I walked over to the light switch and turned the on fan so it would drown out any sound that might leak out of the crack at the bottom of the door, then I climbed on top of the toilet and sat down on my hands.

"So did you see Charlie's sister. She's a junior. She's really pretty," Stirling said, tapping his foot on the tile to a song in his head unknown to me.

"You in love?" I asked. He thought I was teasing.

"No," he said plainly, with a shake of his head.

I chuckled, "We're not children anymore, I guess," I replied.

Stirling raised his eyebrows, "But we're not adults either," he said.

"Somewhere in between," I offered.

As we were leaving, a door was slamming. Bobby looked at us sheepishly. He dug his foot into the dirt that lay beyond his front porch. Stirling and mine's mother was waiting in the driveway, her cigarette out the window, in our little Honda.

"I guess we're having a little trouble with the house keeper's son," Bobby explained in a whisper.

I shrugged, implying it was none of my business anyway.

"Well, it's not really her son…Um, anyways, I'll see you at school Stirling?"

I was surprised that Bobby had said it like a question.

Stirling nodded, "Oh yeah, Bob. Oh, and great party! Happy birthday."

Bobby smiled and put his hands behind his back, flattered.

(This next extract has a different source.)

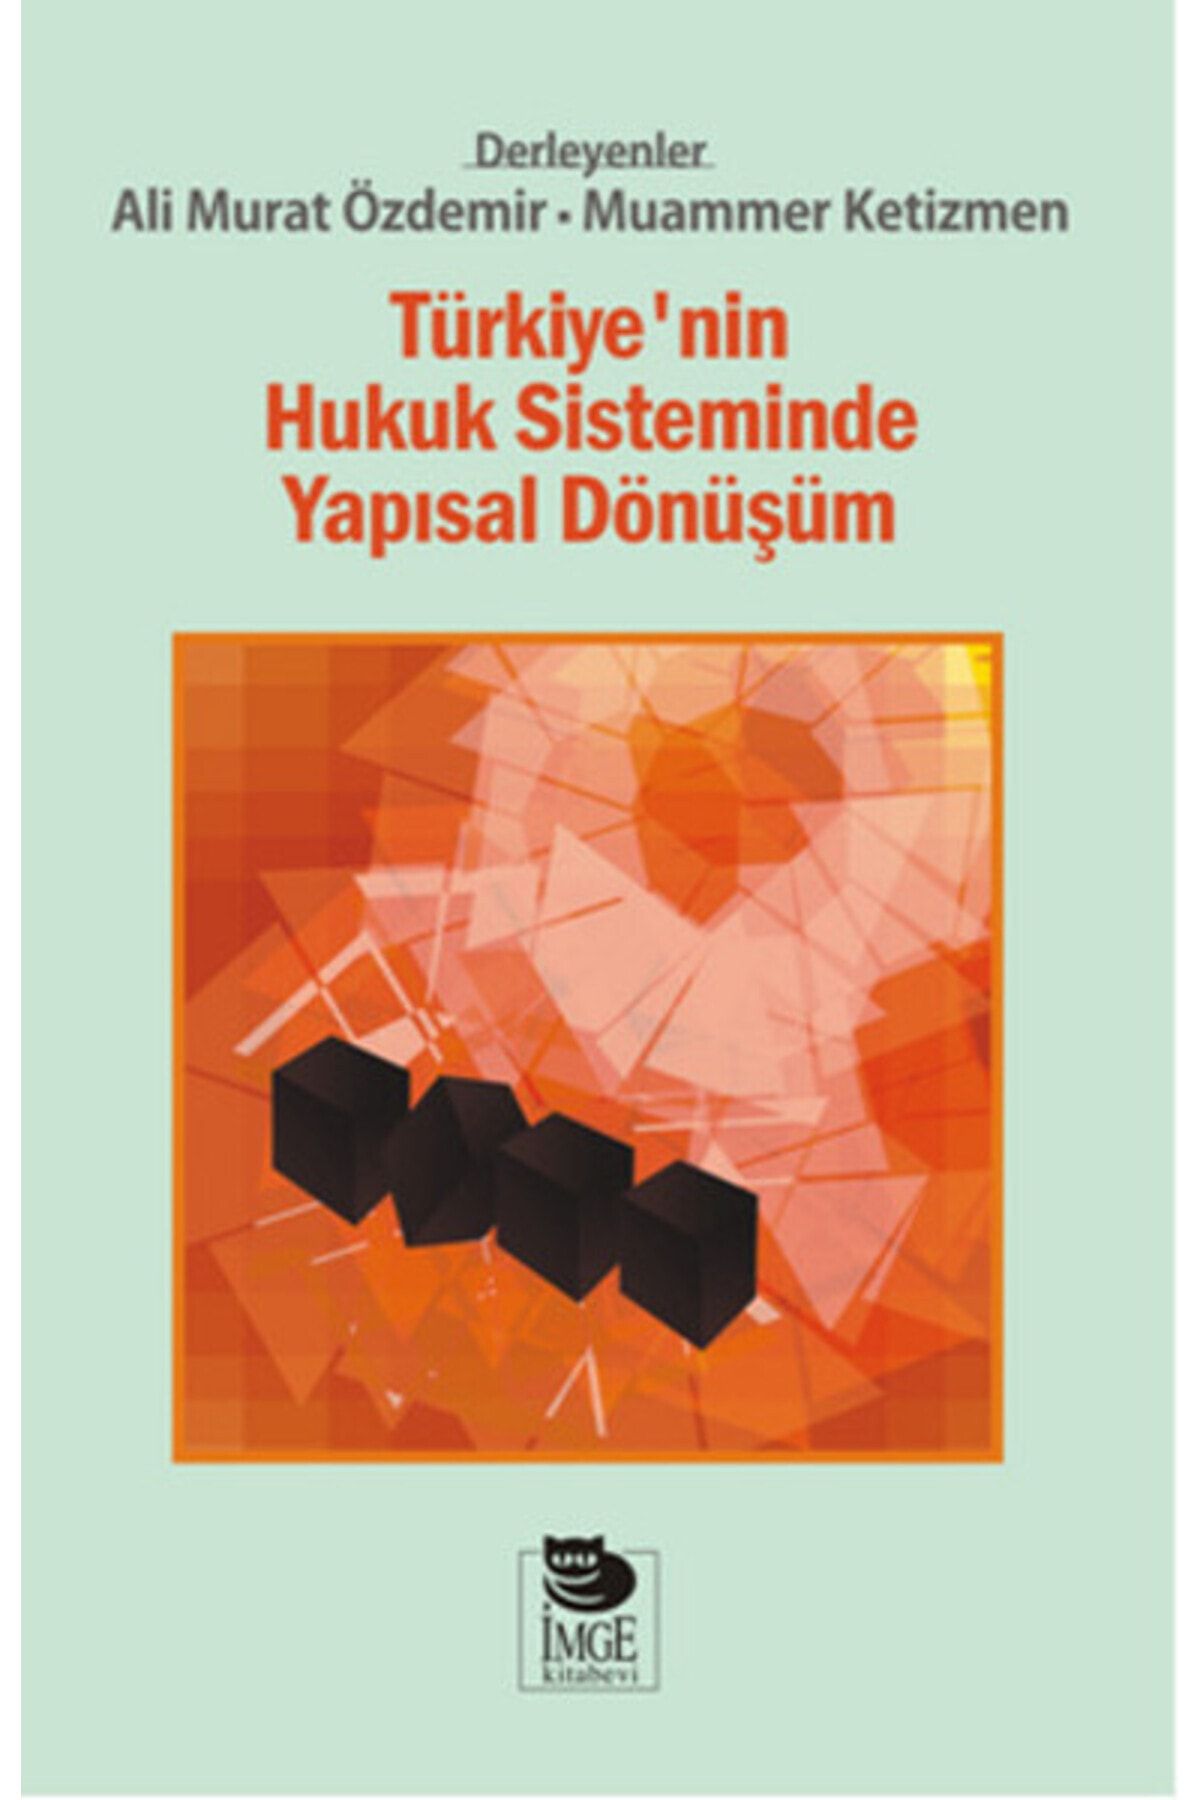 İmge Kitabevi Yayınları Türkiye'nin Hukuk Sisteminde Yapısal Dönüşüm

All of the sudden a wild man who seemed like a boy ran through the yard, screaming obscenities at some invisible person. He disappeared into the woods in front of Bobby's house before I could get an adequate look, but what I did notice were the blackest eyes I'd ever seen, yet somehow not sinister.

Bobby rolled his eyes, "I'm not related to him," he assured.

Both Stirling and I tried to laugh the comment off before we began slowly walking towards our mother's car.

"I've gotta go pick up Simon," Maeve, my mother told us as we were opening the car doors and she was taking the car out of "park."

"Allrighty then," I said with a sigh as I dropped into the front seat, giving one last wink to Bobby before we sped off.

I dreamt that night that an old man with a make-shift walking stick and horribly dark eyes was chasing my baby brother Simon through the forest. Simon was screaming and screaming (something he didn't do in reality) and I was somehow watching on the sidelines but could do nothing to help. I woke up fresh and ready to conquer the day the next morning.

I did not analyze that dream.

an: I think it's gonna stick this time.